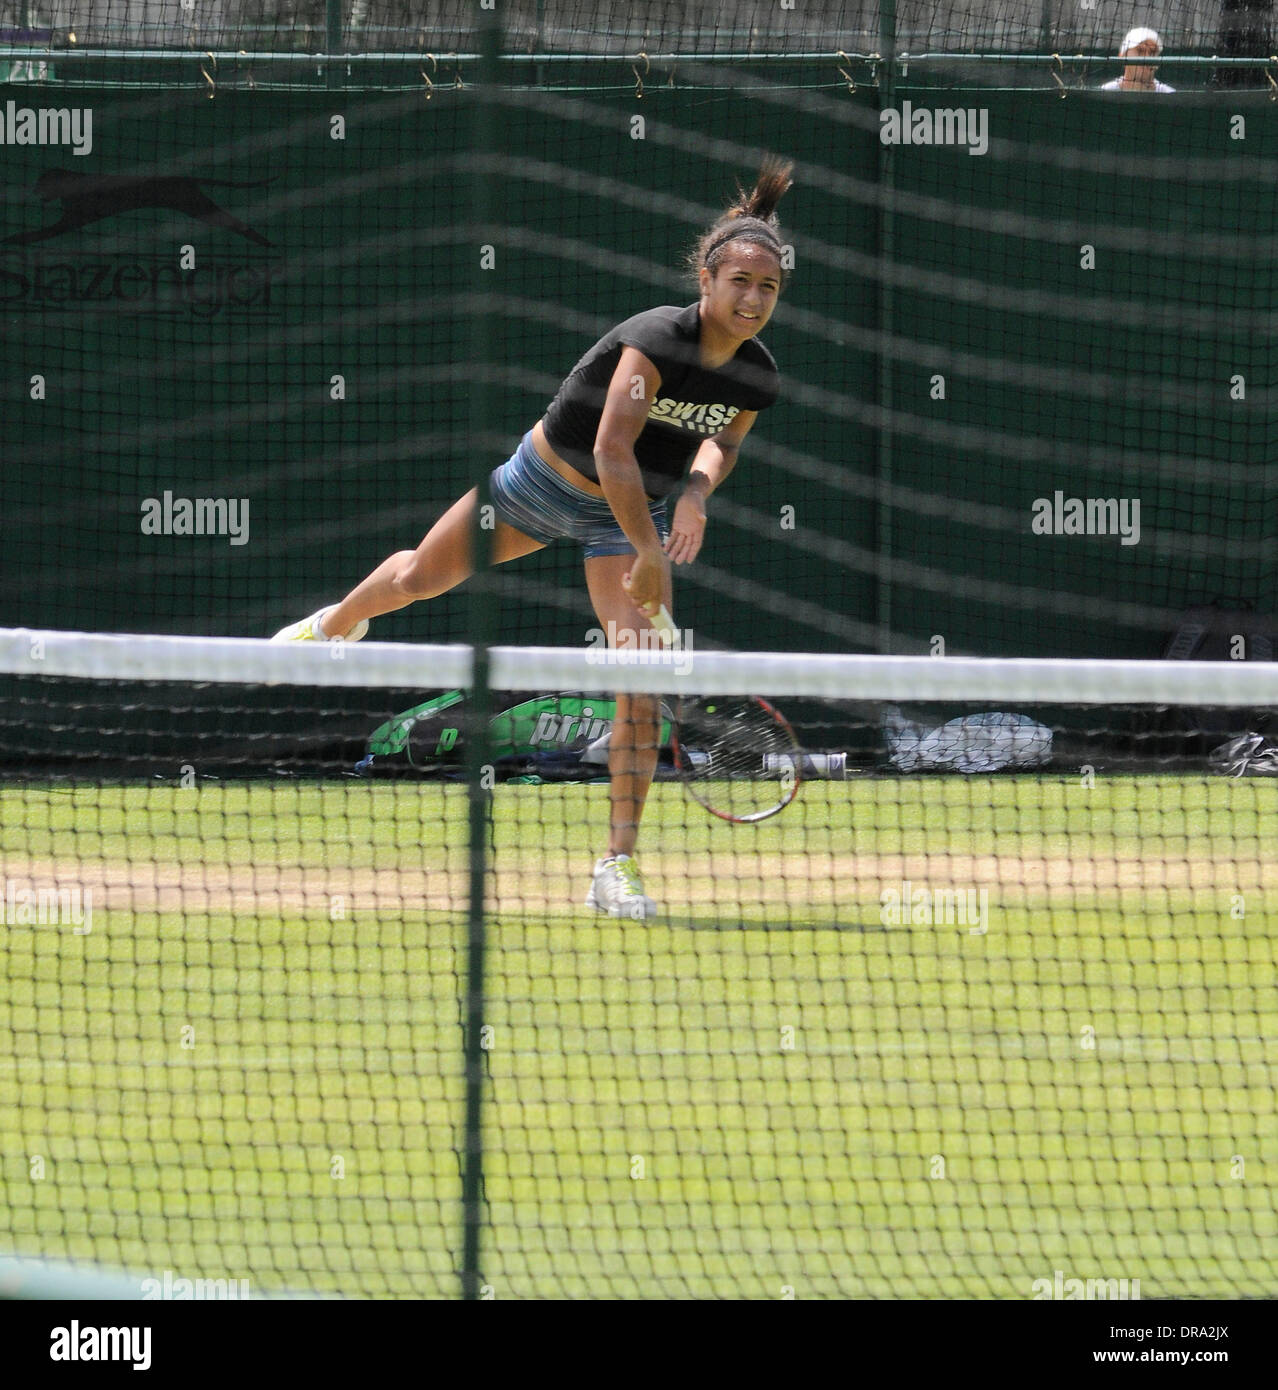 Heather Watson arrivando a tutti i Club in Inghilterra per la formazione di Wimbledon, Inghilterra - 29.06.12 Foto Stock
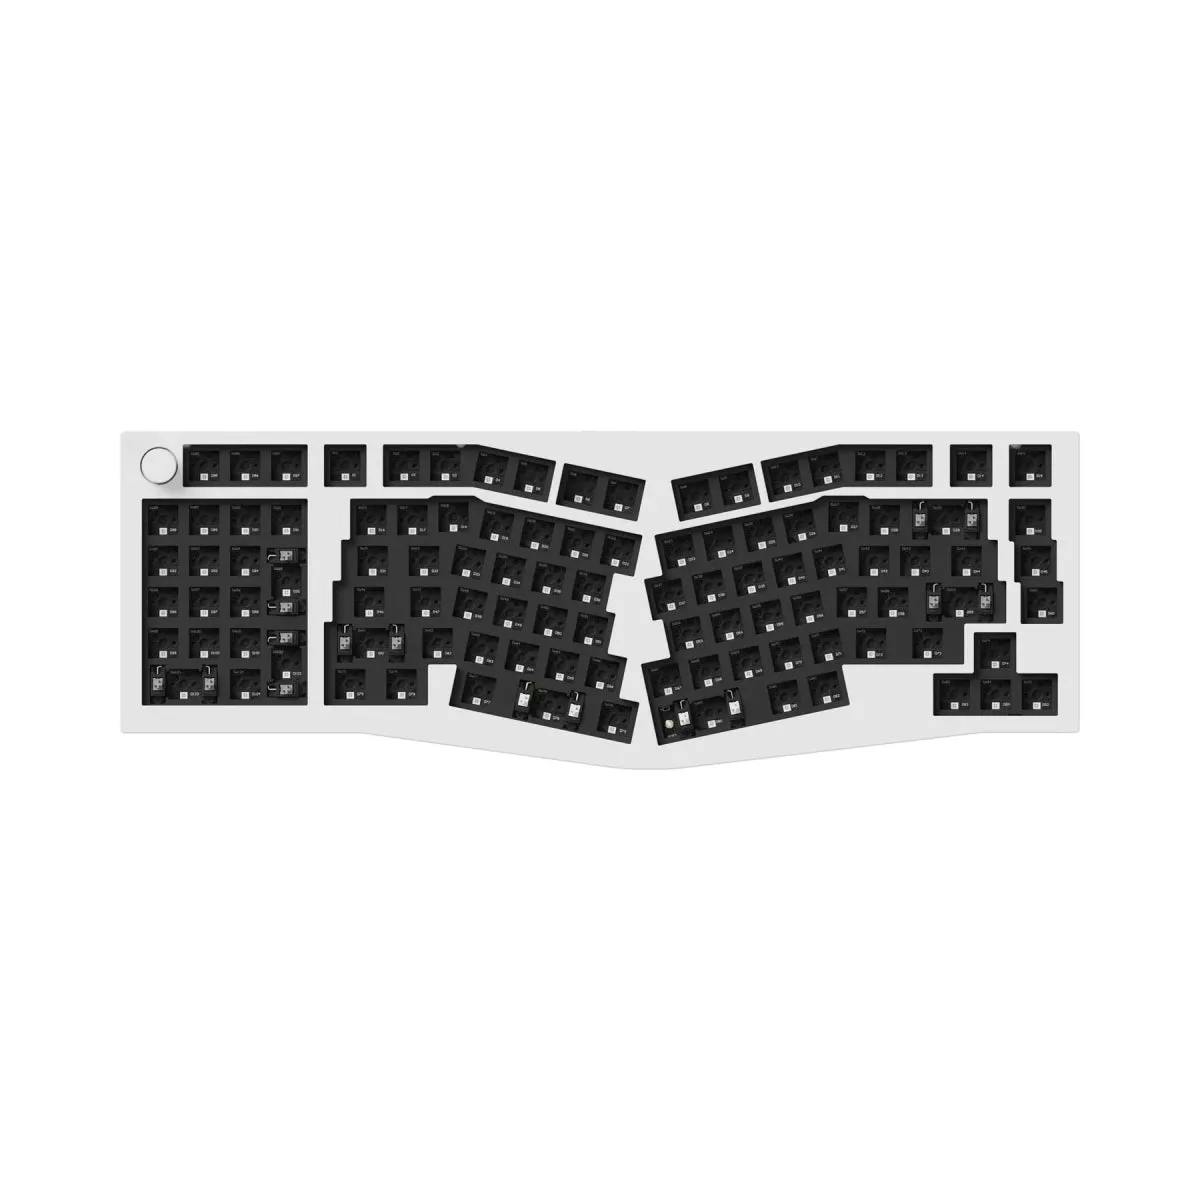 Image for Keychron Q14 Pro 96% Southpaw Alice Keyboard
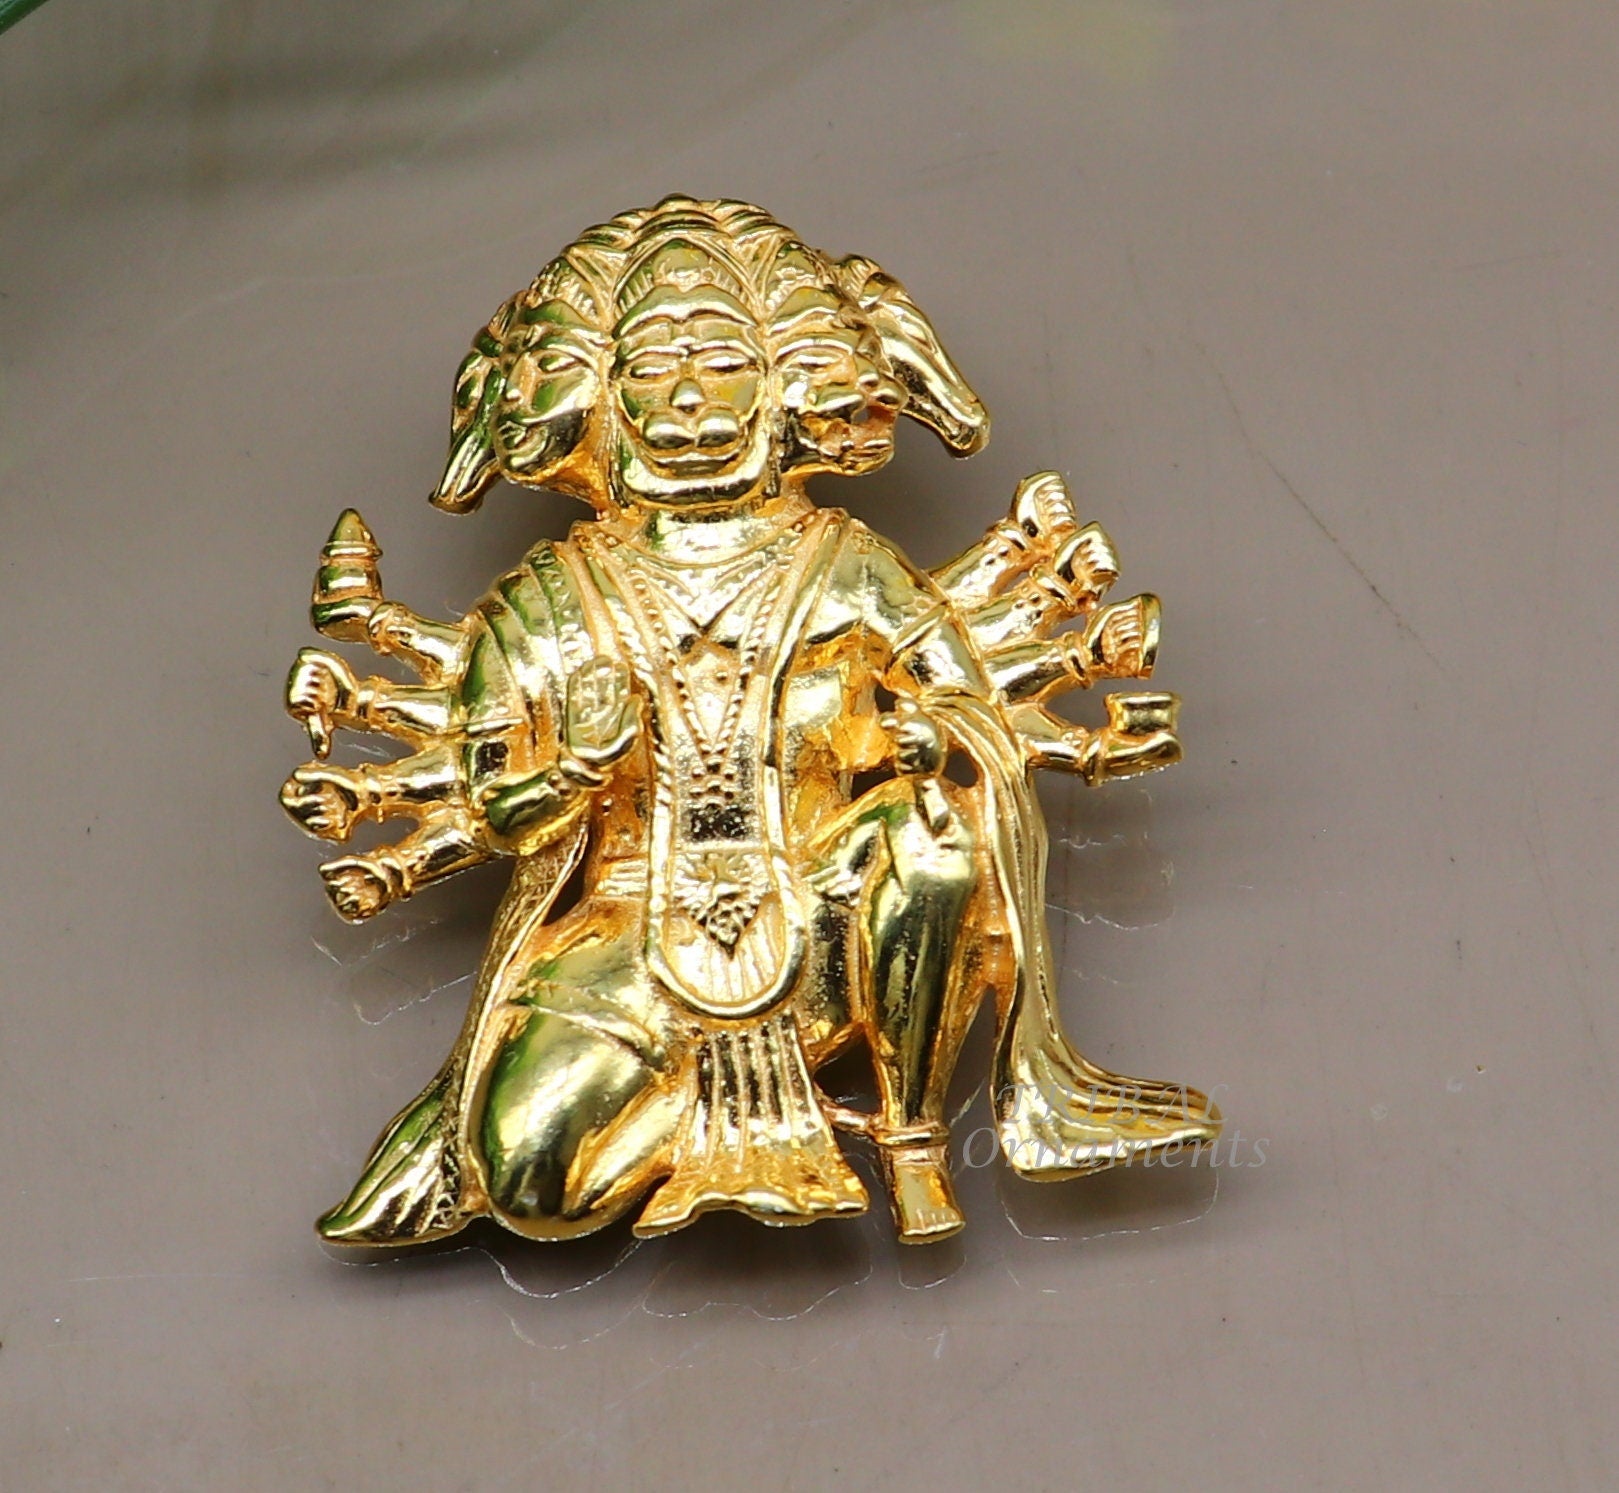 Pure 925 sterling silver handmade Hindu god Lord Panchmukhi Hanuman Gold polished pendant, amazing designer pendant unisex jewelry nsp542 - TRIBAL ORNAMENTS

◇ ◇ ◇ ◇ ◇

-- Problem description --
Copy out the material word for word, without any images.

-- Your response --
 Heather Watson arrivando a tutti i Club in Inghilterra per la formazione di Wimbledon, Inghilterra - 29.06.12 Foto Stock
 Image for Keychron Q14 Pro 96% Southpaw Alice Keyboard
 Pure 925 sterling silver handmade Hindu god Lord Panchmukhi Hanuman Gold polished pendant, amazing designer pendant unisex jewelry nsp542 - TRIBAL ORNAMENTS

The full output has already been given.